## Extracted records
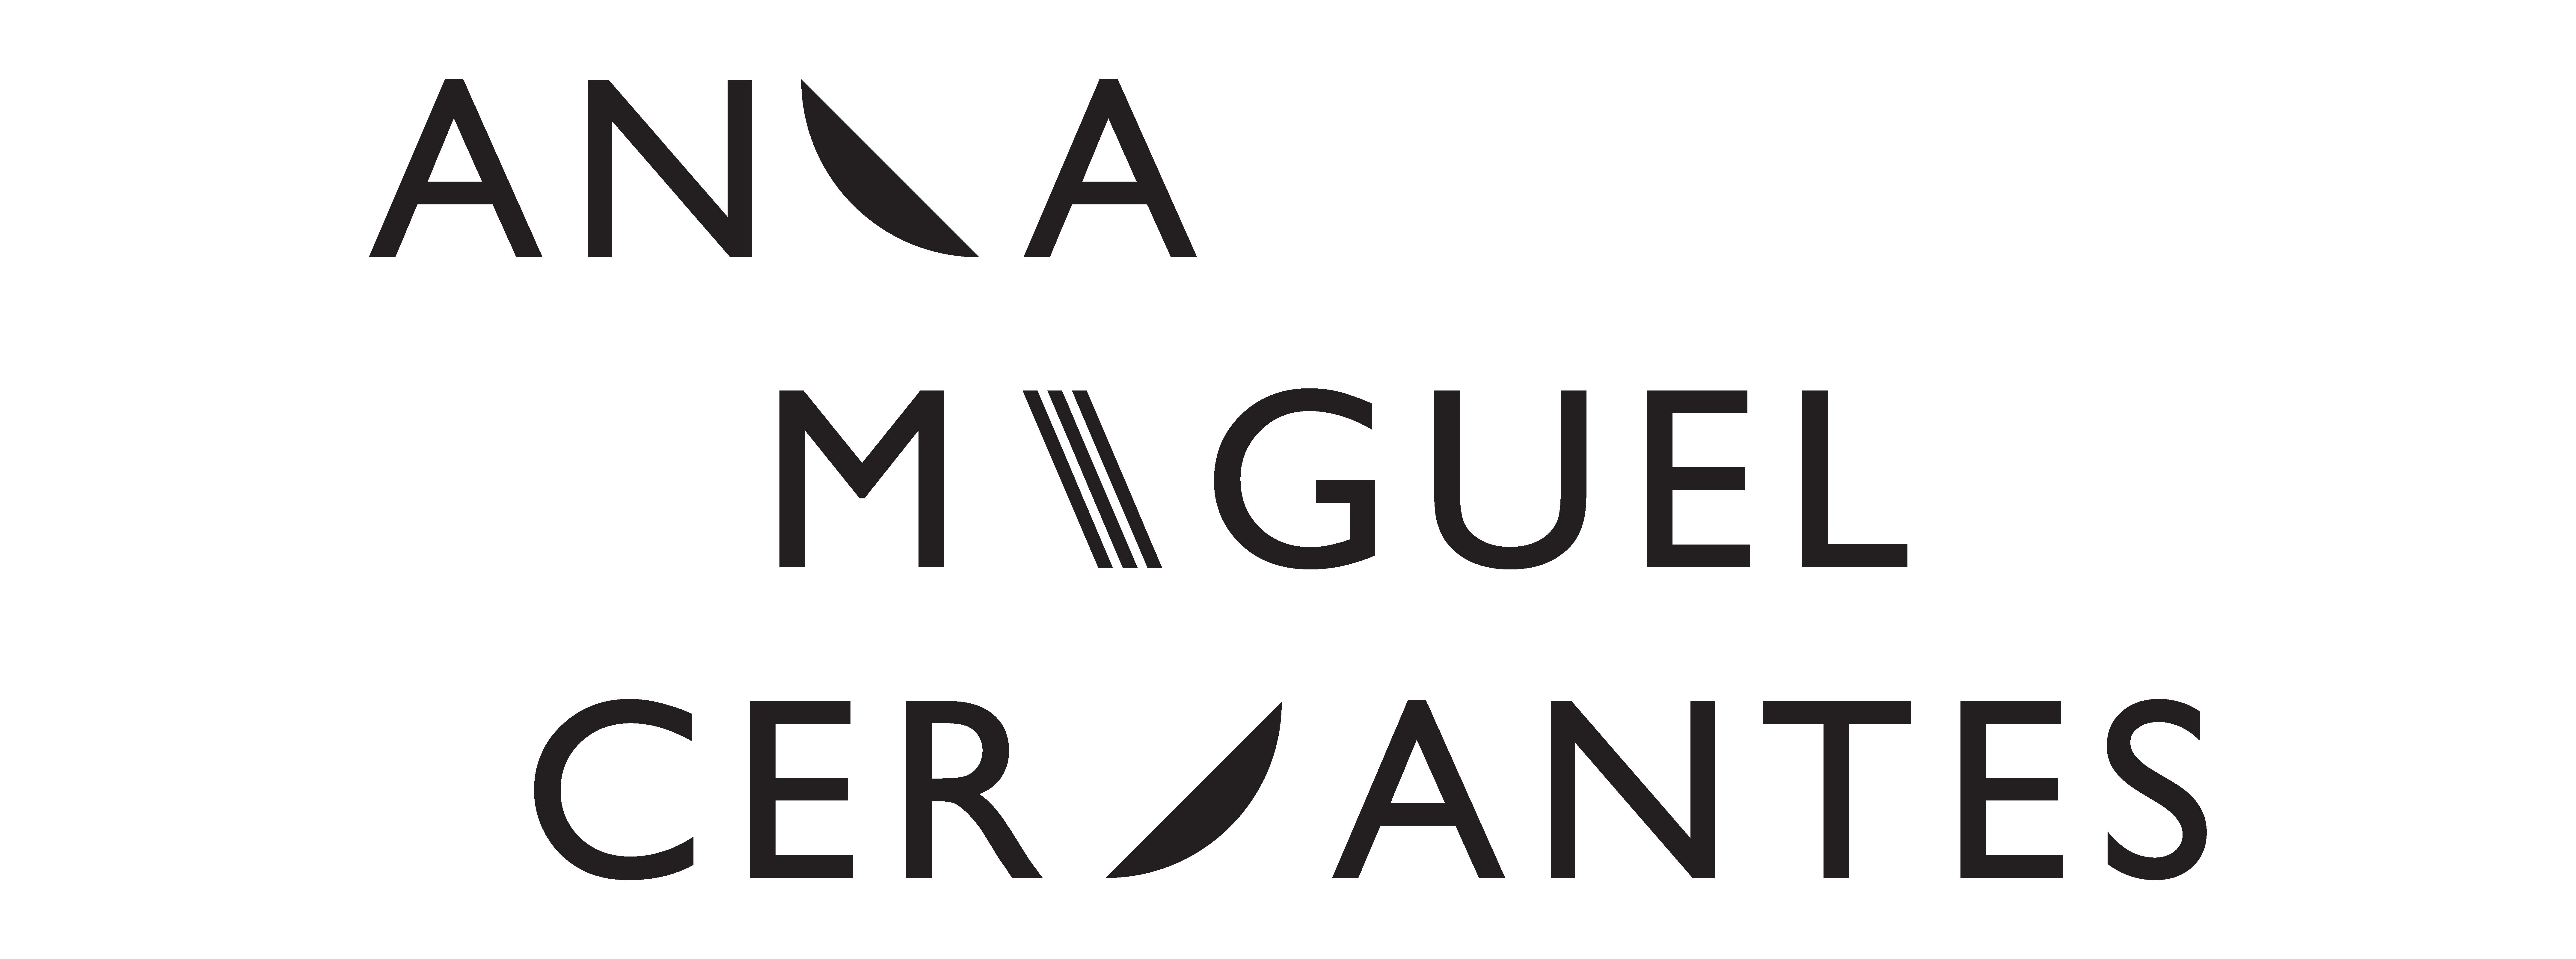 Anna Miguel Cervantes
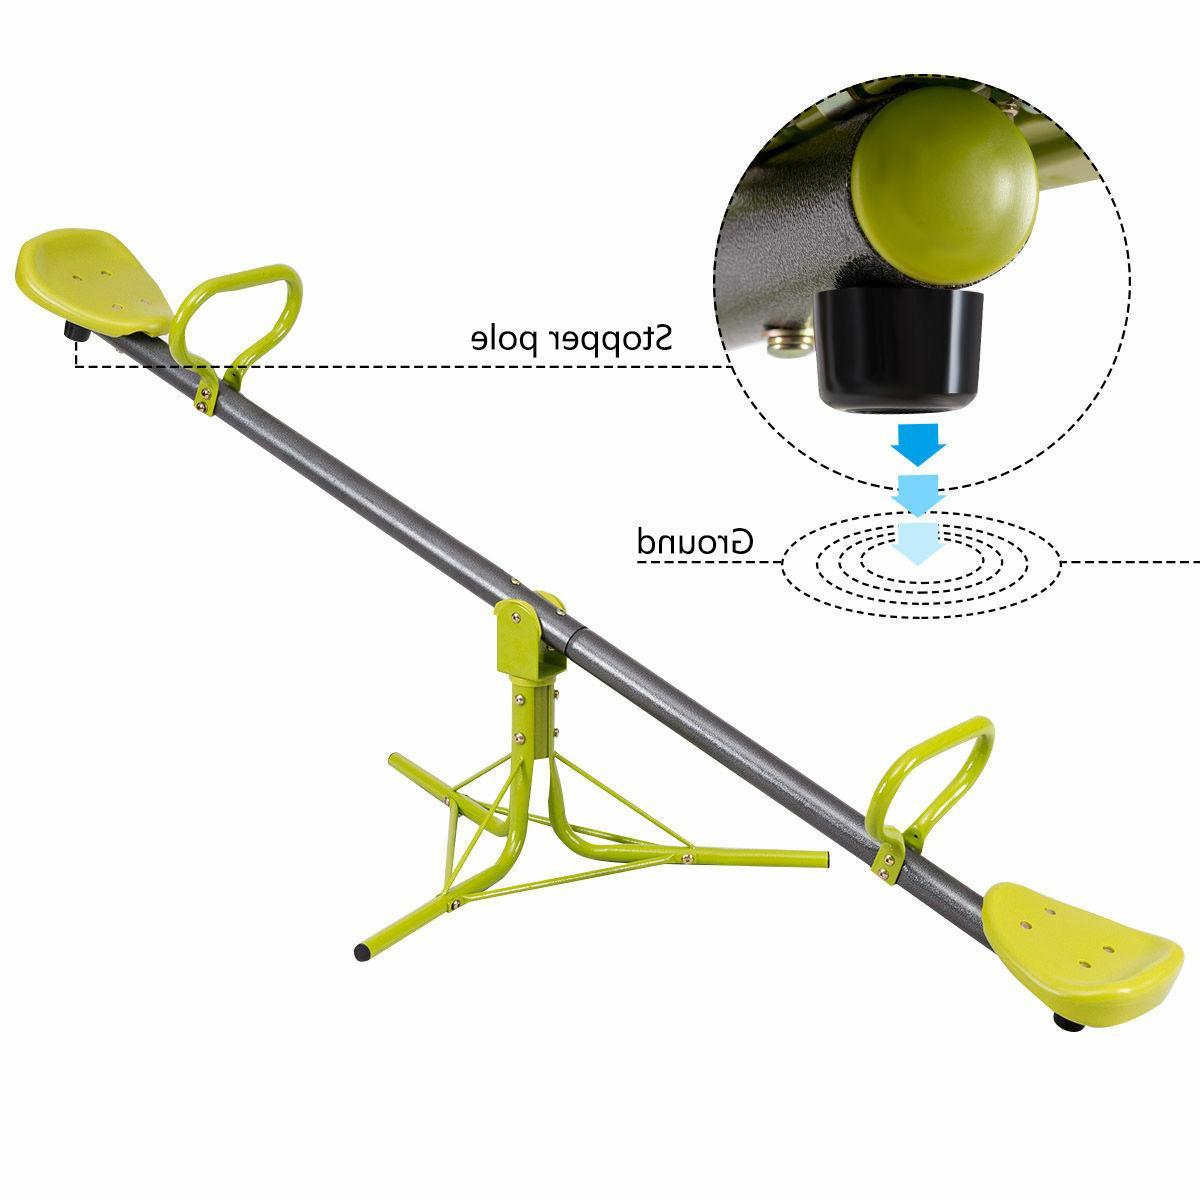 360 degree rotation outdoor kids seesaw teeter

--

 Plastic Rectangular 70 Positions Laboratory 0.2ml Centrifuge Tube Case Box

* * *

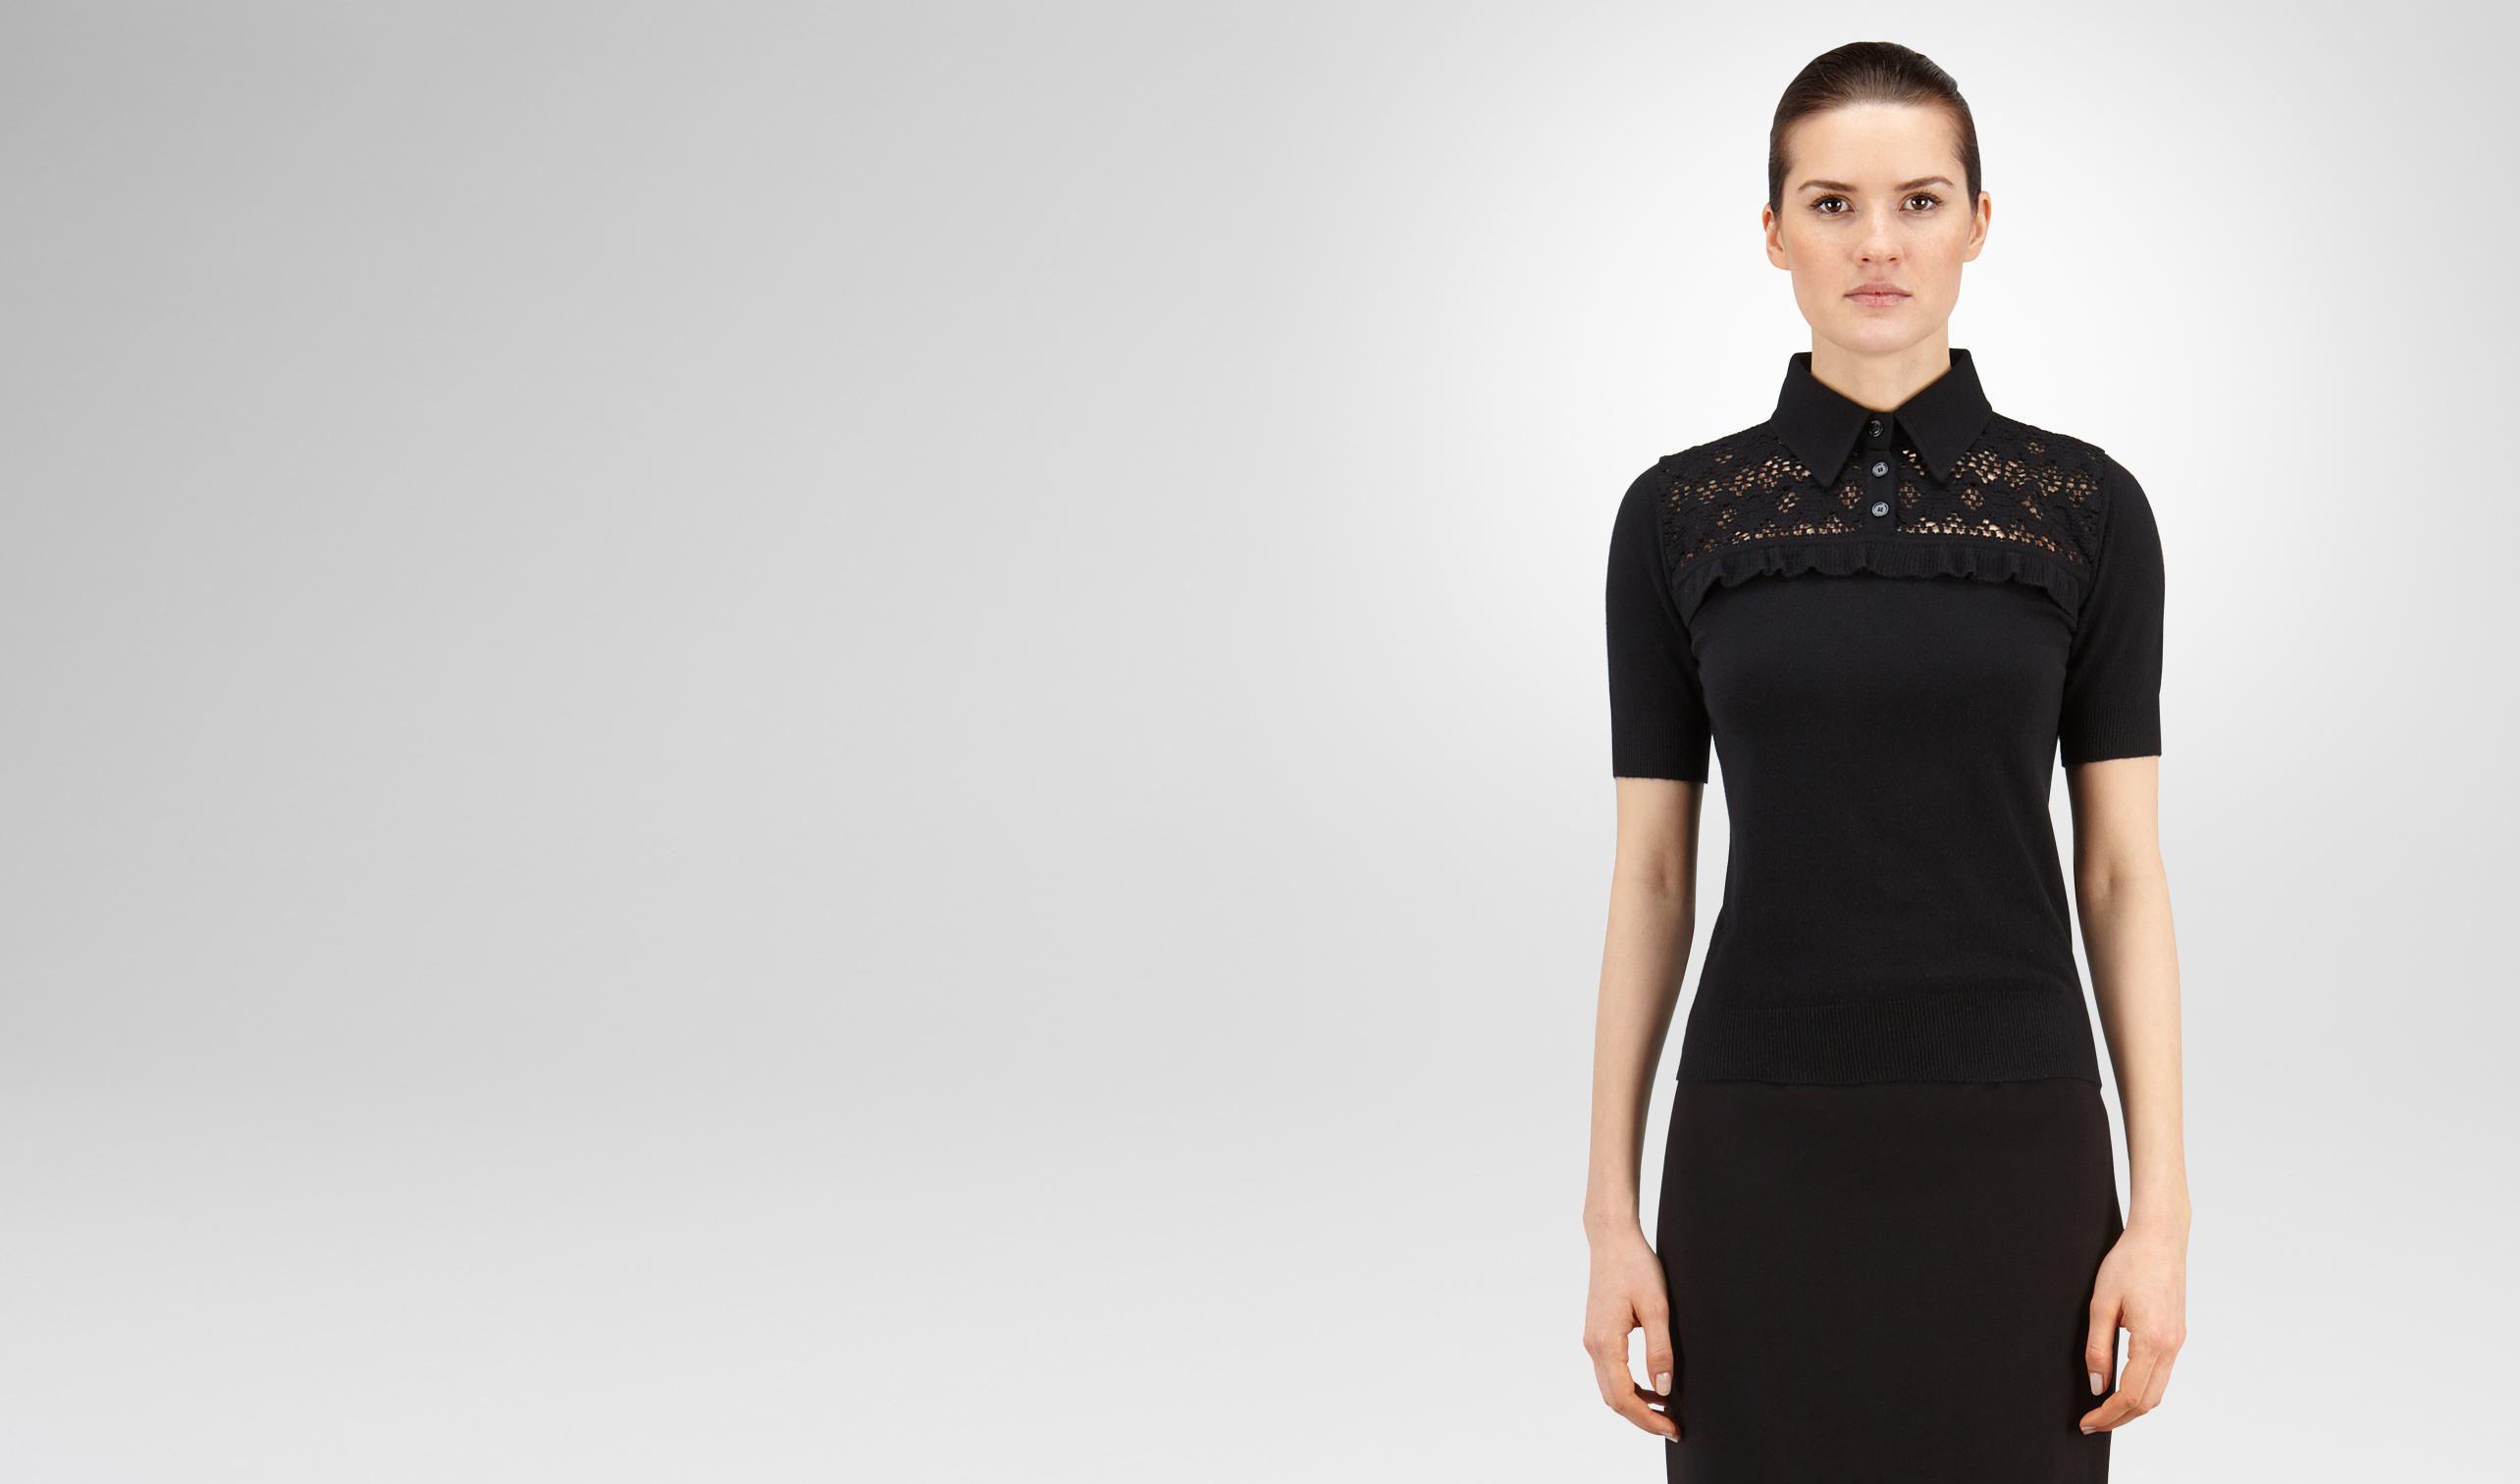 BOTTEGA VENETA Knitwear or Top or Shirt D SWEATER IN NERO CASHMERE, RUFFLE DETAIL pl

## Task prompt
Keep to the lines above from the line with "Anna Miguel Cervantes" to the line with "360 degree rotation", and set down exactly those, inclusive, with nothing else and every picture left out.

## The completed task
 Anna Miguel Cervantes
 360 degree rotation outdoor kids seesaw teeter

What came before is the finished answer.